_Work instruction_
Once you find the line with "No Brand полотенце" in the data that follows, repeat it and every line after it exactly, through the line with "Daten & Fakten: UMF".
:: Exercise data
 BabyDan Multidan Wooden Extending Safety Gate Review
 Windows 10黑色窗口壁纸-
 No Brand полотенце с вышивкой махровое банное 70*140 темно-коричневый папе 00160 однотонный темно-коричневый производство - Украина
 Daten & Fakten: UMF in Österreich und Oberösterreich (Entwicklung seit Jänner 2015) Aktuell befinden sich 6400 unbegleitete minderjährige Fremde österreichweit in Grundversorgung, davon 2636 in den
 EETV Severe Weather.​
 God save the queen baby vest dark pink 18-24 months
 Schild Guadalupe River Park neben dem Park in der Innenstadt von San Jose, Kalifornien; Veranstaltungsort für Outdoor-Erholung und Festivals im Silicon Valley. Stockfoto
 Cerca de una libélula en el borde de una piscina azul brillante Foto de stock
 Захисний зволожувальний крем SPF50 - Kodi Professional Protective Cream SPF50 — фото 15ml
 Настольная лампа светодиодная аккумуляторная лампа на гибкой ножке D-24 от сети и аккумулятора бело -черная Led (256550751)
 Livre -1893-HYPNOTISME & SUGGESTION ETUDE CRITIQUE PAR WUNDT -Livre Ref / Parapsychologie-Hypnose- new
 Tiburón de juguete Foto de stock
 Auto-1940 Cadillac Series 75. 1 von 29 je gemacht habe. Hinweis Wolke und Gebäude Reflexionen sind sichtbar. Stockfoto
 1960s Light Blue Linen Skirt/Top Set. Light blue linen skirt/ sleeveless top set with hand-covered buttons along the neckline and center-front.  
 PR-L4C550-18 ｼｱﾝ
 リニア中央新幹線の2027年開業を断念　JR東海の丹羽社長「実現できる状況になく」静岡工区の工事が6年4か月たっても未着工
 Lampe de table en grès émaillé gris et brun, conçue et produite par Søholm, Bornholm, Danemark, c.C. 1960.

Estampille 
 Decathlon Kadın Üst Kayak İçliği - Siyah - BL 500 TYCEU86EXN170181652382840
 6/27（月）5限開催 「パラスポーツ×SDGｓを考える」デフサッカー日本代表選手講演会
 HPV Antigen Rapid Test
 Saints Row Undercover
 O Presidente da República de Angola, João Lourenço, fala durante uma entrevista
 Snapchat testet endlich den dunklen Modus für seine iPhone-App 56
::::
_Written response_
 No Brand полотенце с вышивкой махровое банное 70*140 темно-коричневый папе 00160 однотонный темно-коричневый производство - Украина
 Daten & Fakten: UMF in Österreich und Oberösterreich (Entwicklung seit Jänner 2015) Aktuell befinden sich 6400 unbegleitete minderjährige Fremde österreichweit in Grundversorgung, davon 2636 in den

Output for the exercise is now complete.